Конечно, так оно и было.

А он всё падал и падал. Неужели этому не будет конца? — Интересно, сколько чжанов я уже пролетел? — сказал Се Лянь вслух. — Я, верно, приближаюсь к чьему-нибудь склепу. Дайте-ка вспомнить… А не охотился ли я за Цзюнь У?.. Но тогда зачем мне платье?

Се Лянь пытался скорее понять, почему он одет так, потому что слишком смущался, и, хоть сейчас был не самый подходящий момент размышлять вслух — никто ведь его не слышал, — он не мог удержаться.
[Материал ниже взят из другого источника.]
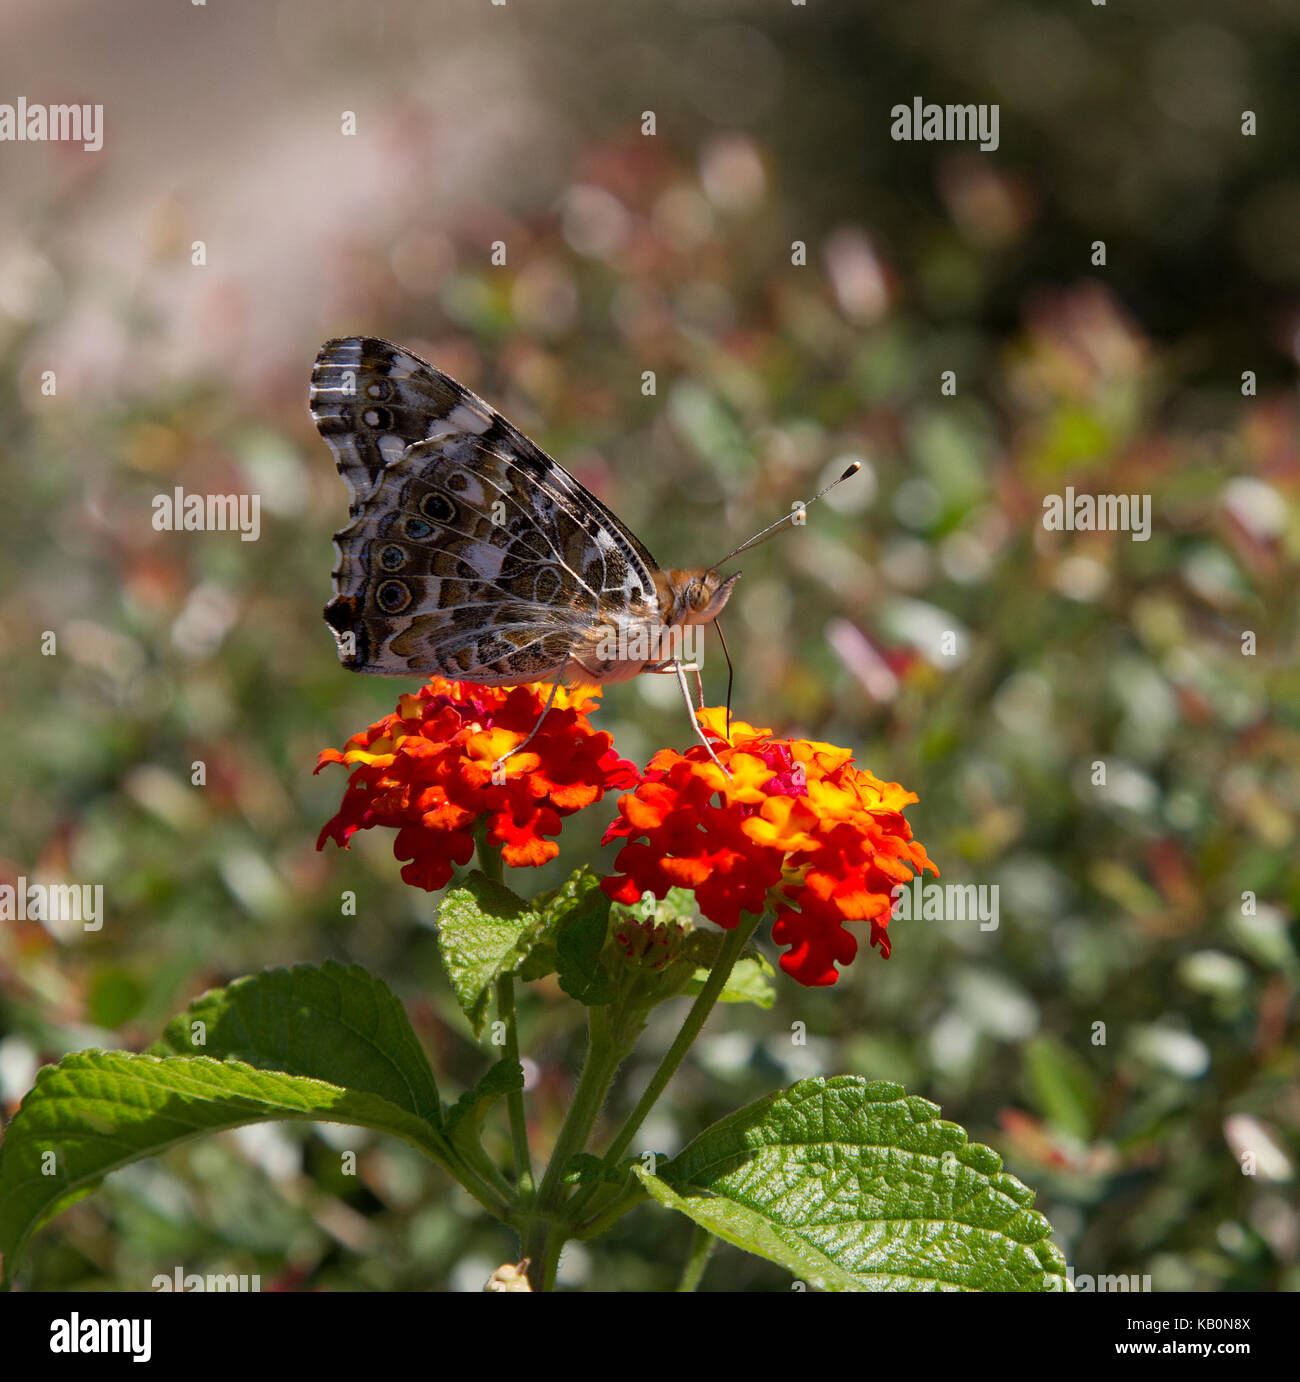 American Lady Butterfly on Red Flower Stock Photo

— Нет, такого не может быть, — продолжал Се Лянь. — Но интересно, за кем же я тогда охочусь?

Сказать по правде, он подозревал, что внизу его ждёт тот, для кого он и надел женское платье. Возможно, принц искал демона, которого привлекают женщины, и он готовился ловить его, но просчитался и кубарем свалился в колодец, потеряв сознание на некоторое время. Это предположение звучало внушительно!

Помолчав, он начал снова:

— А не приземлюсь ли я на демона? Вот будет неудобно… Встану — а он раздавлен. Душа разозлится, а при мне даже нет магических артефактов. Да и духовные силы кончились, кажется…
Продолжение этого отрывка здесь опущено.